▶ [Instructions to follow]:
Please give back word for word the lines of the material below between the line containing "Lámpara de techo" and the line containing "NETHERLANDS 1980 Year", inclusive.

▶ [Provided records]:
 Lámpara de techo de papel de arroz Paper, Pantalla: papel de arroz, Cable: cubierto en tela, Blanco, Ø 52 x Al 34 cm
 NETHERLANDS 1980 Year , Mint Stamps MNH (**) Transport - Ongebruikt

==

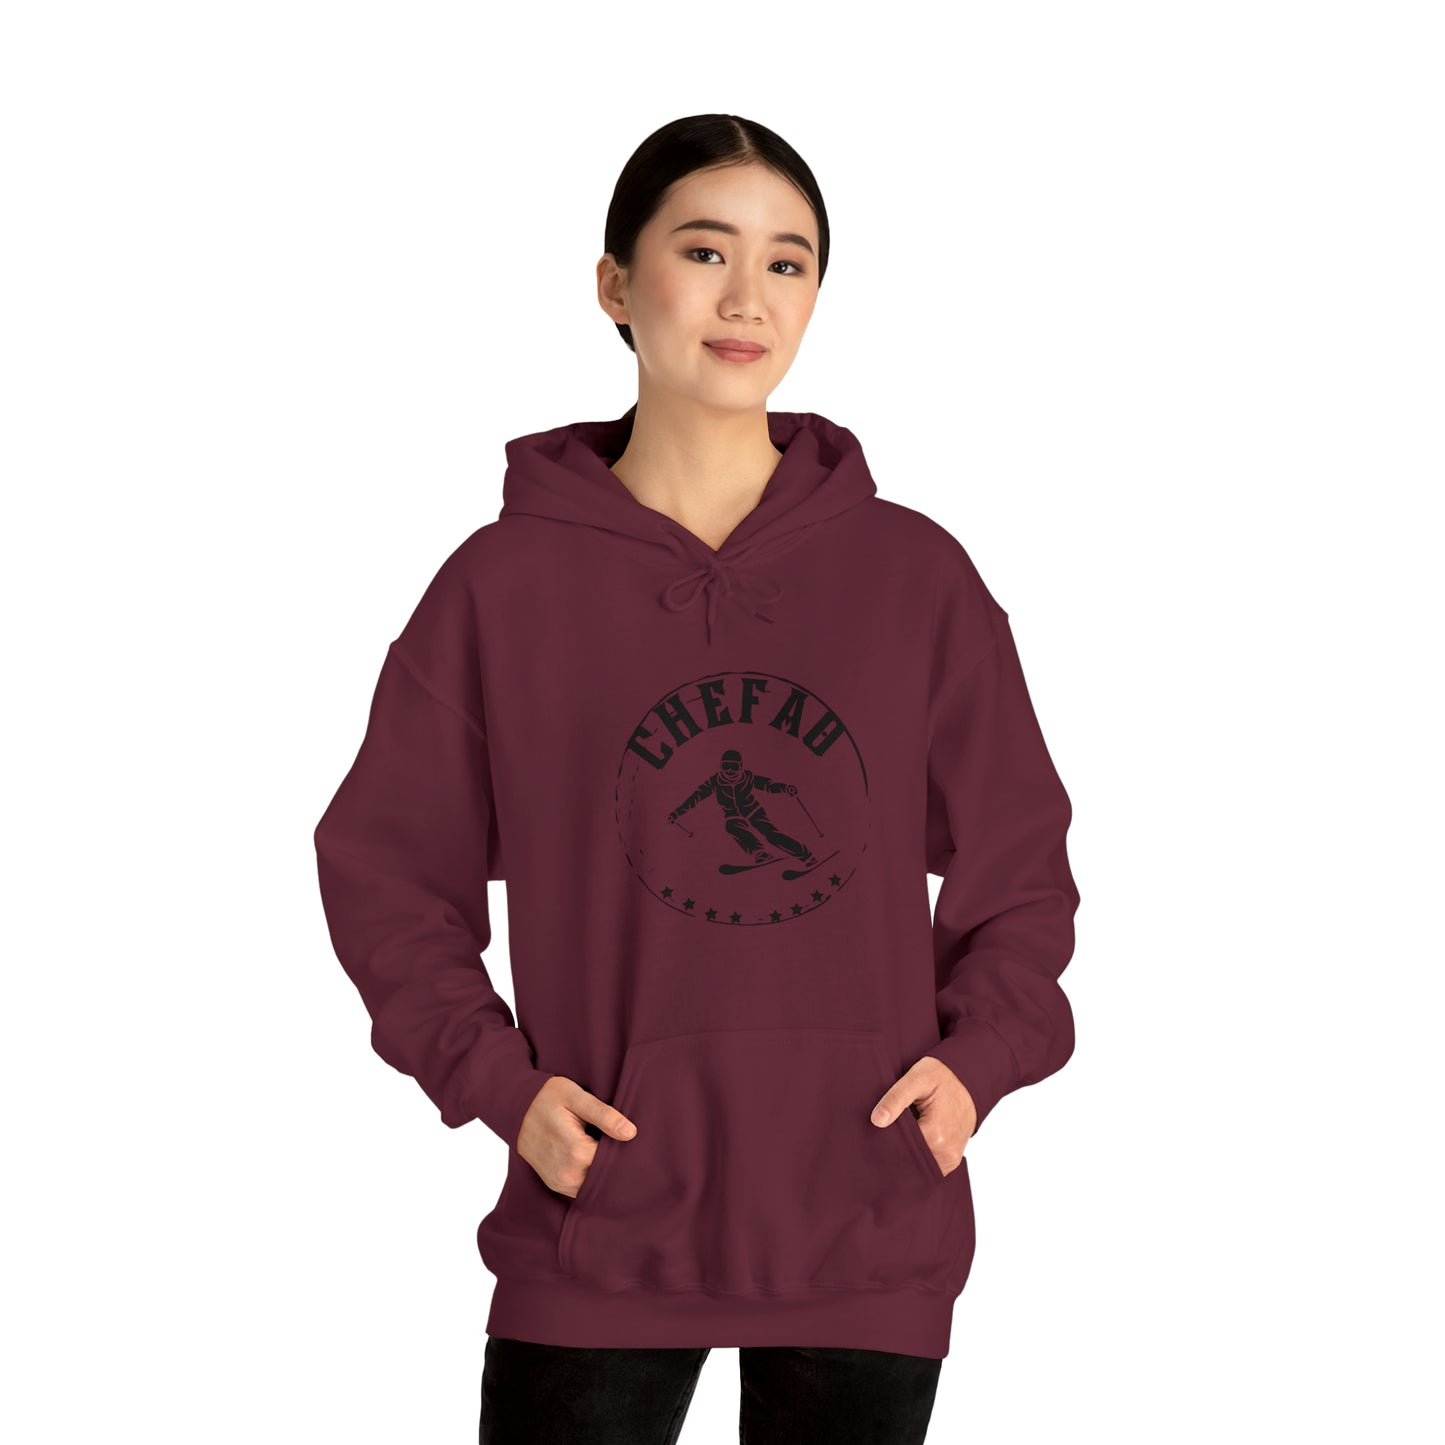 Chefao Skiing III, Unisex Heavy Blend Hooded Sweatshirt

...

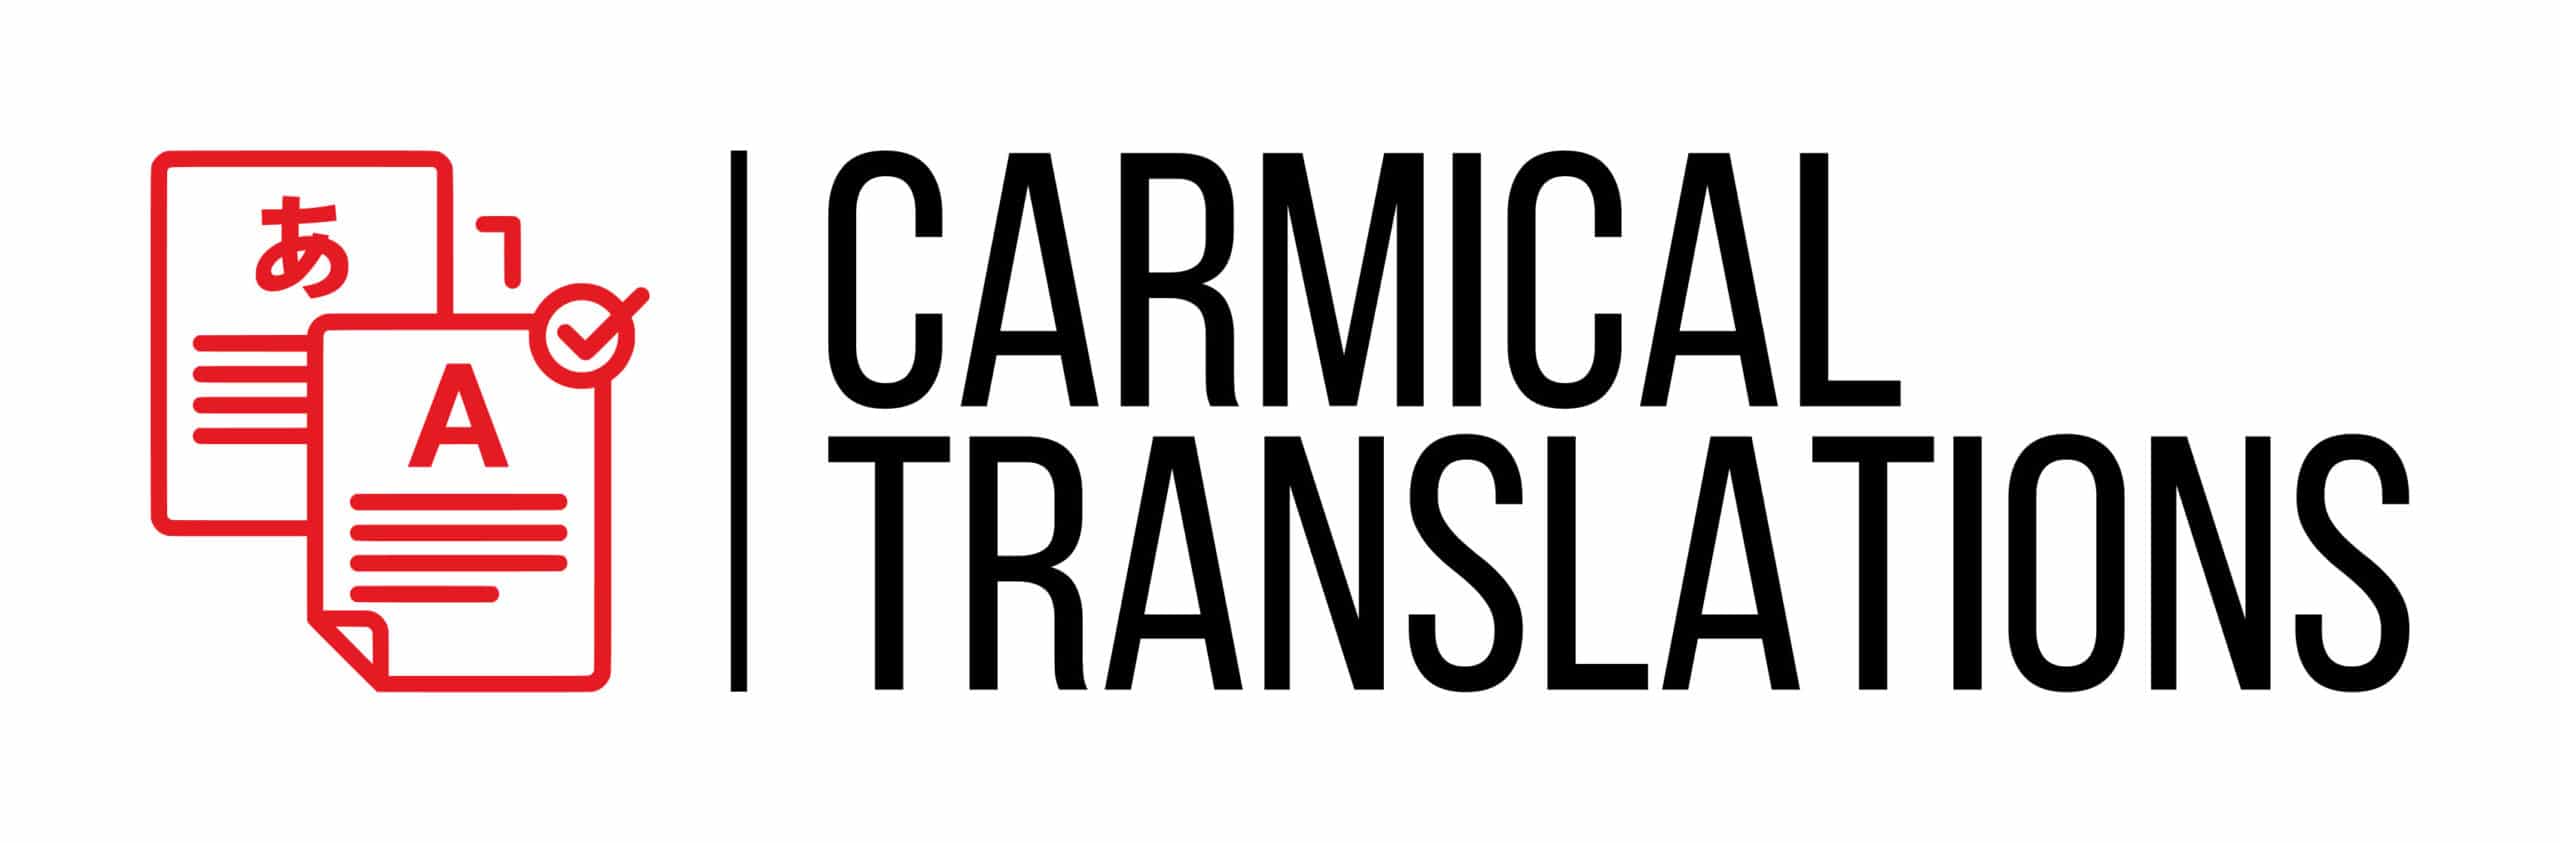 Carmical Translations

▶ [Response]:
 Lámpara de techo de papel de arroz Paper, Pantalla: papel de arroz, Cable: cubierto en tela, Blanco, Ø 52 x Al 34 cm
 NETHERLANDS 1980 Year , Mint Stamps MNH (**) Transport - Ongebruikt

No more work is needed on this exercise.